Apple vs Taylor Swift, and she won. The music industry seems to still be transforming.

Hoverboards became a thing in the “future” specified in Back to the Future, and we all wanted one. Then some of them caught fire.

Best book of 2015

Best book of 2015 (as in that’s when I read it) was Creativity Inc, by Ed Catmull and Amy Wallace. It’s a breath of fresh air, with inspiring discussions about business and leadership, a fascinating glimpse into the workings of arguably the world’s most creative company, and there are generous dots of humour. It’s so good I messaged a friend quotes from it until he bought his own copy. I will review it more fully in the New Year.

Best TED talk of 2015

A timely reminder in the season of family togetherness.

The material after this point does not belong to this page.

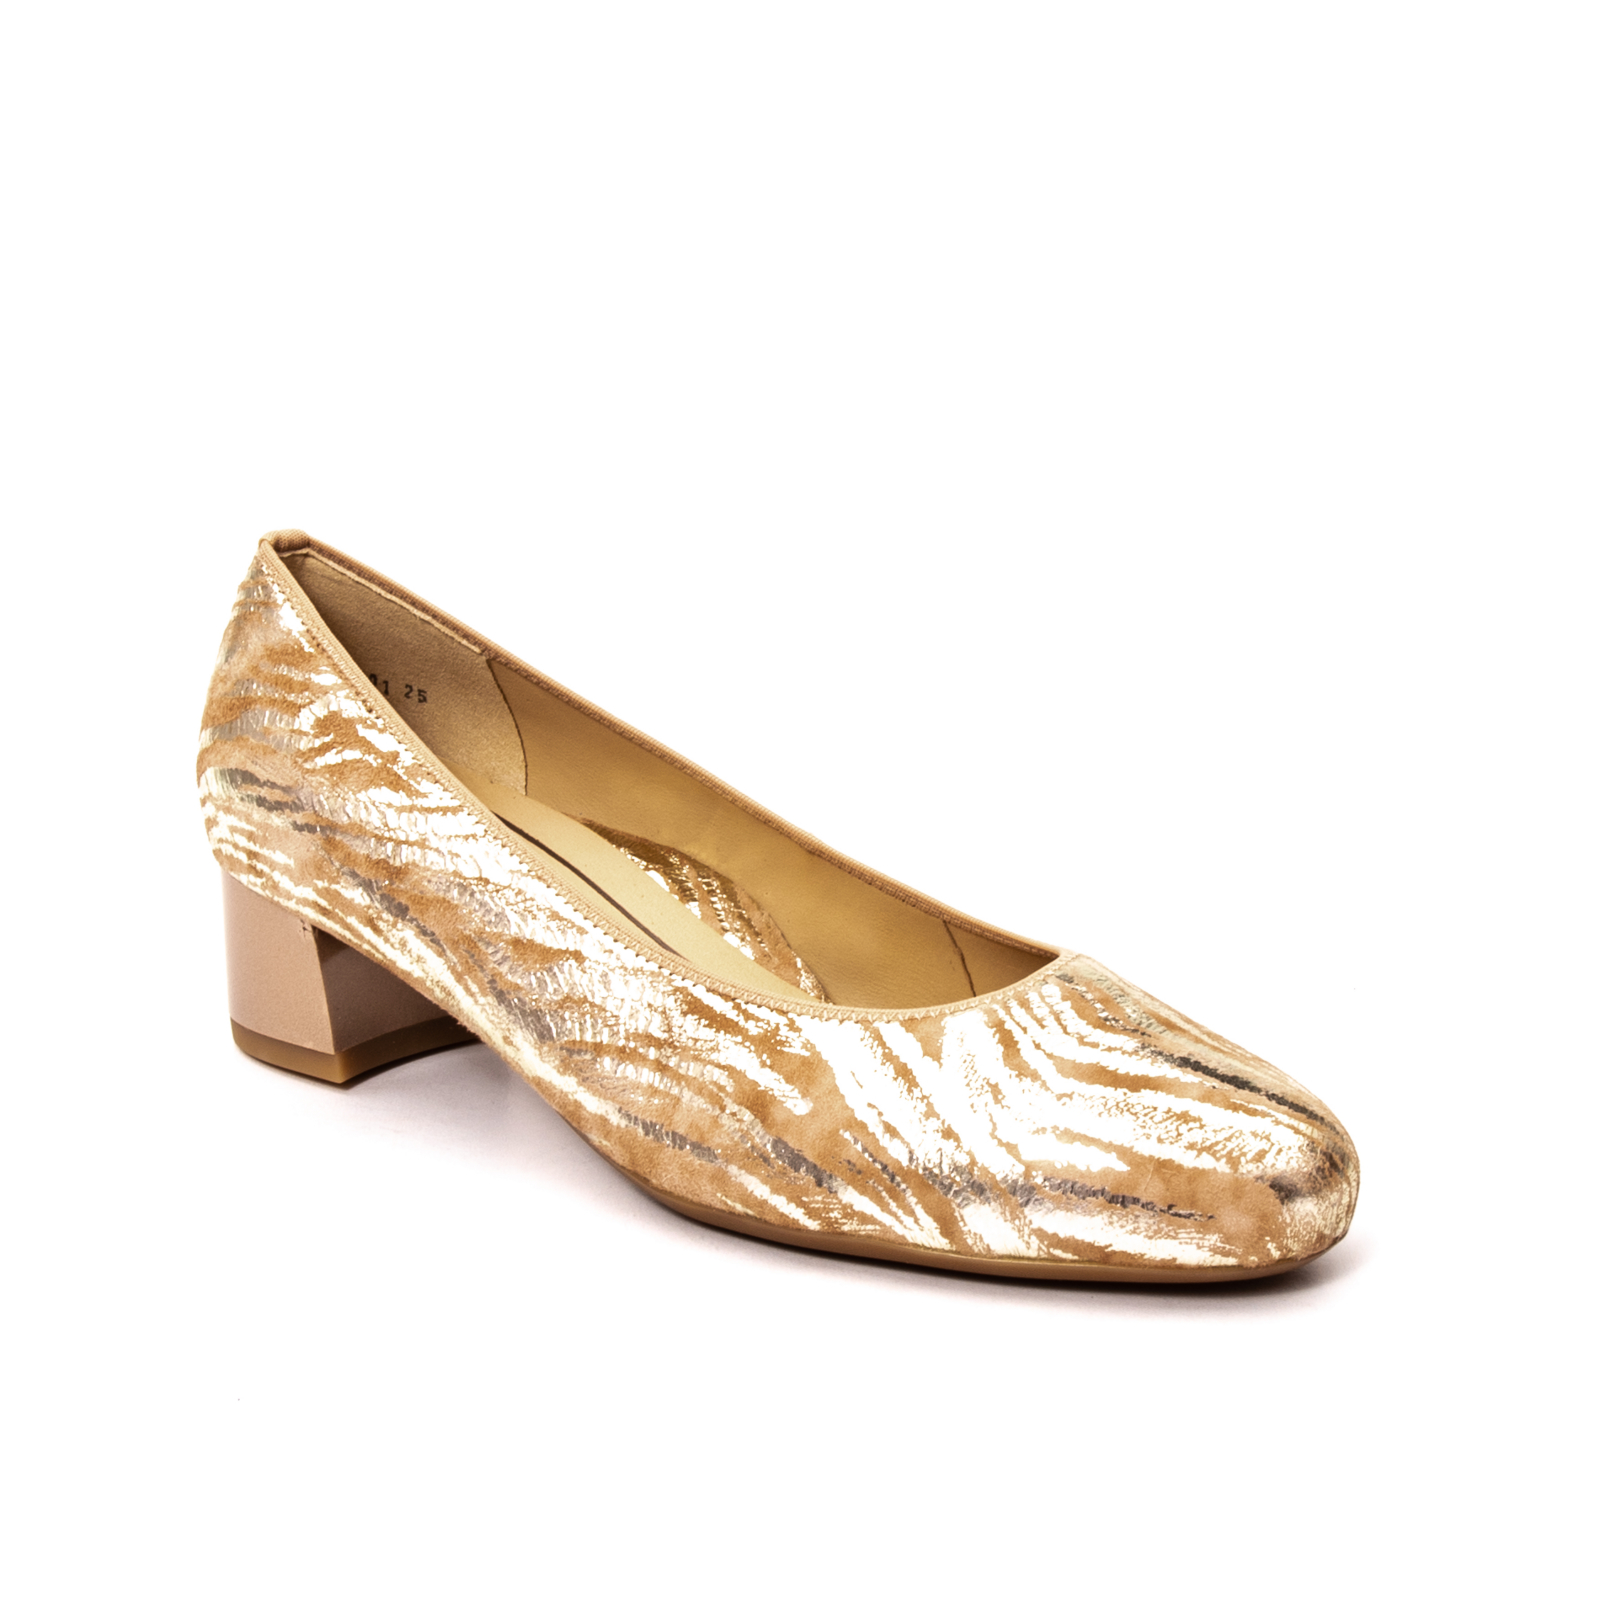 Ordin produs nou vânzări cu ridicata Pantofi dama piele naturala Ara 16601, camel-auriu - Ara

Also loved Ernesto Sirolli’s “Shut up and Listen” talk; he’s humble and charming, yet wise.

Heros of 2015

The people on the island of Lesvos who have put their lives on hold to pull people out of the ocean. Saving lives every day despite dropping temperatures. The politics around the Syrian crisis are messy and complex, but these people have got to the crux of the matter; the people are coming and they are dying.

If you can spare a donation there’s one organisation, Proactiva Open Arms, that is totally donation funded, started by a bunch of guys from Spain, and you can donate online.

Personal High Points

This was a strangely good year for travel; In my last job I met with colleagues from around the world visiting Dubai and Johannesburg for the first time. I also enjoyed some memorable personal travel; I spent time with my family, and helped my mum achieve a lifetime dream of watching a grand slam tennis tournament. In September I made it to Milan to see the World Expo, I was lucky enough to get VIP treatment there and got to see a lot in just three days. I headed to Dublin for the WebSummit, which is a sort of geek heaven. And to finish the  year I rocked up to Vienna to meet up with friends from around the world for a sort of “Un-Christmas” celebration.

A great mix of travelling for family, for pleasure, for work and for learning. I’d like to have more of that in 2016!

This is my last post for the year, thank you for all the feedback, comments, and tweets we’ve shared this year. See you next year!